## Data shown
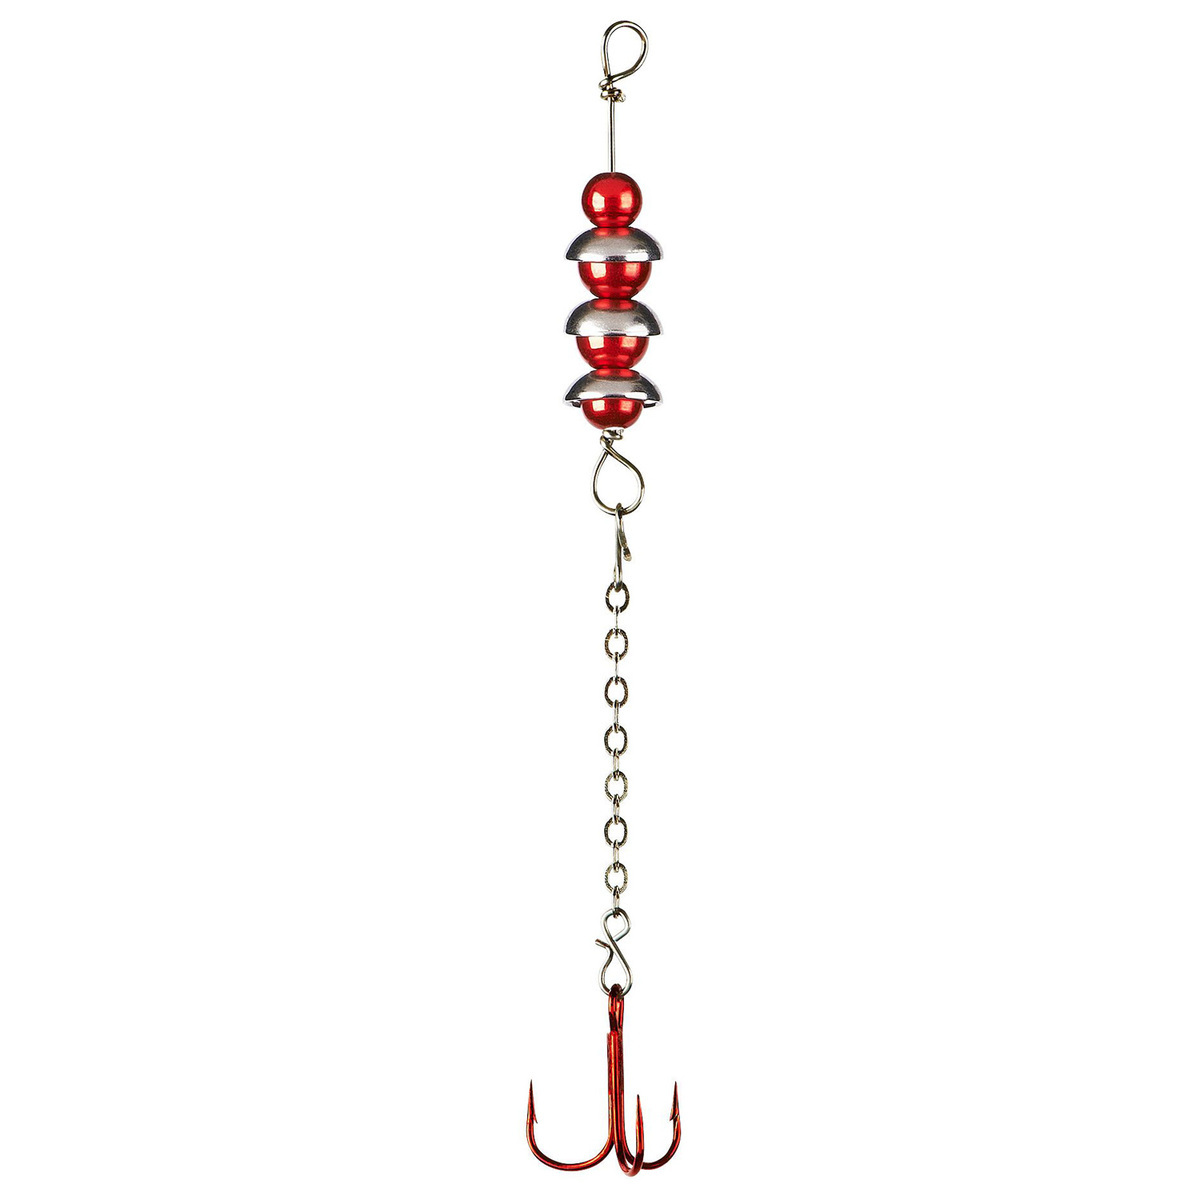 Lindy Perch Talker Ice FIshing Chain Dropper Hook - Metallic Red
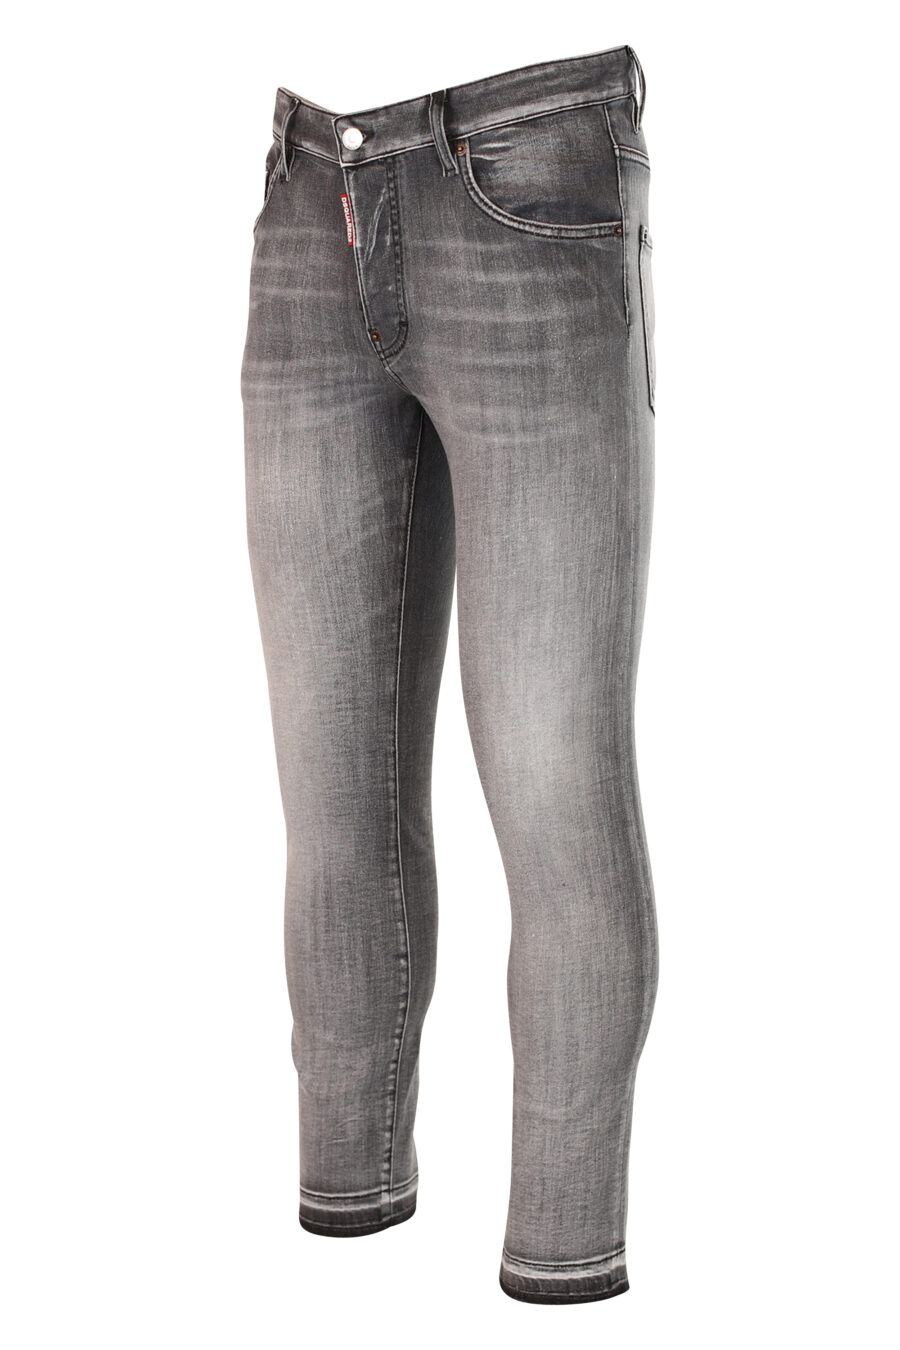 Jeans "skater jean" grey frayed - 8054148004644 2
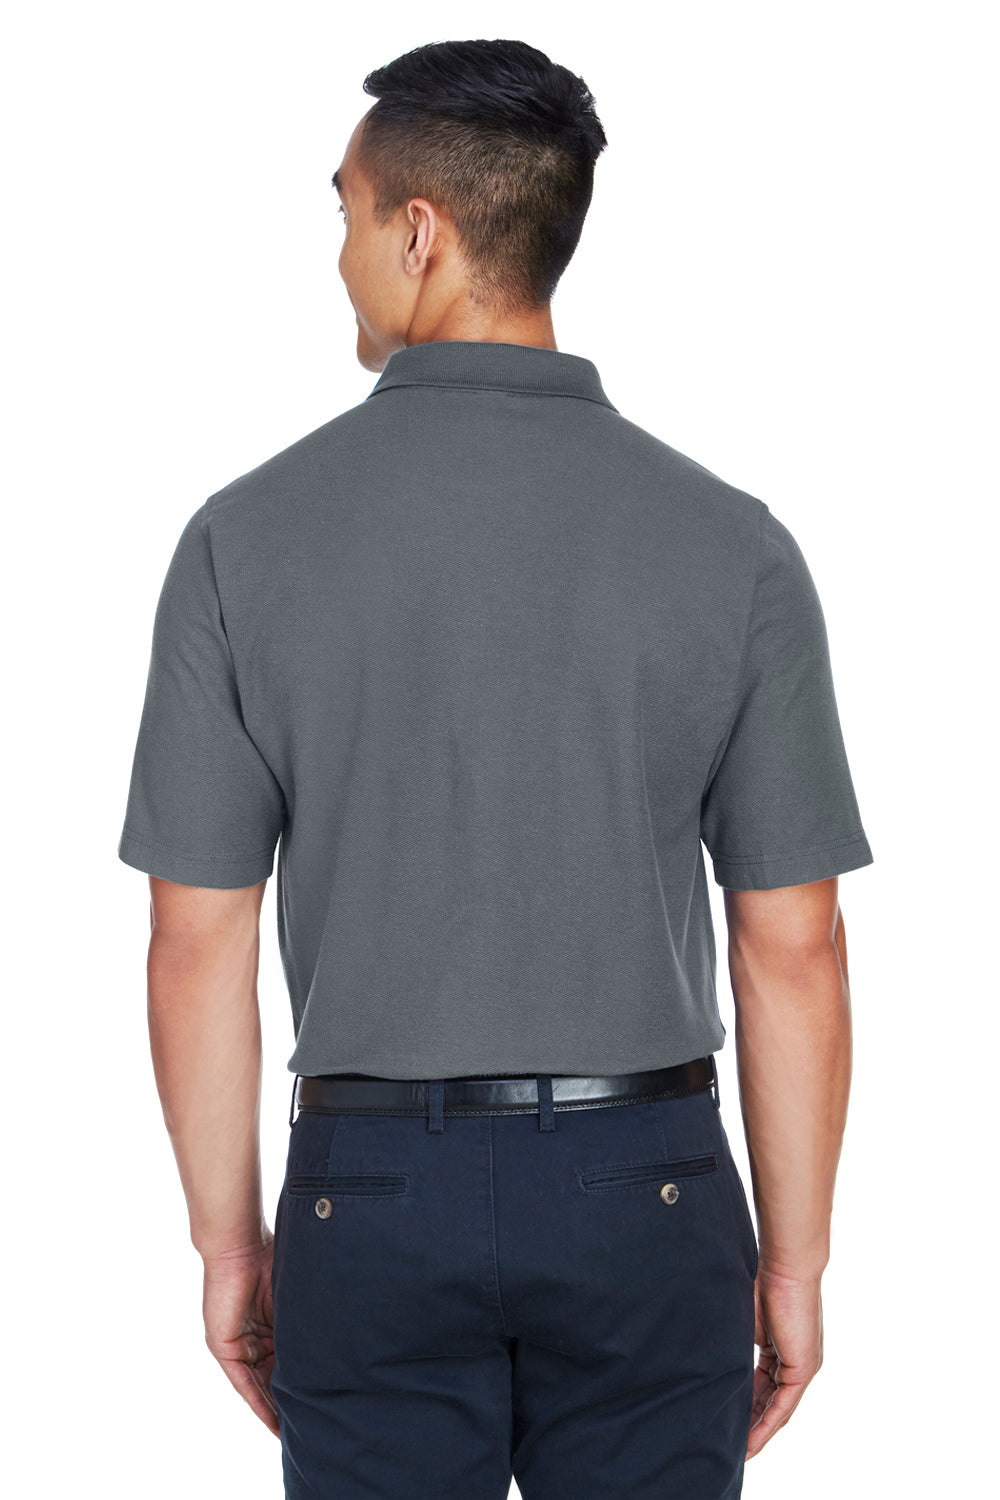 Devon & Jones DG150P Mens DryTec20 Performance Moisture Wicking Short Sleeve Polo Shirt w/ Pocket Graphite Grey Back

## Directions for this task
What you give back must match the material word for word, with no images included.

## Written solution
 Lindy Perch Talker Ice FIshing Chain Dropper Hook - Metallic Red
 Jeans "skater jean" grey frayed - 8054148004644 2
 Devon & Jones DG150P Mens DryTec20 Performance Moisture Wicking Short Sleeve Polo Shirt w/ Pocket Graphite Grey Back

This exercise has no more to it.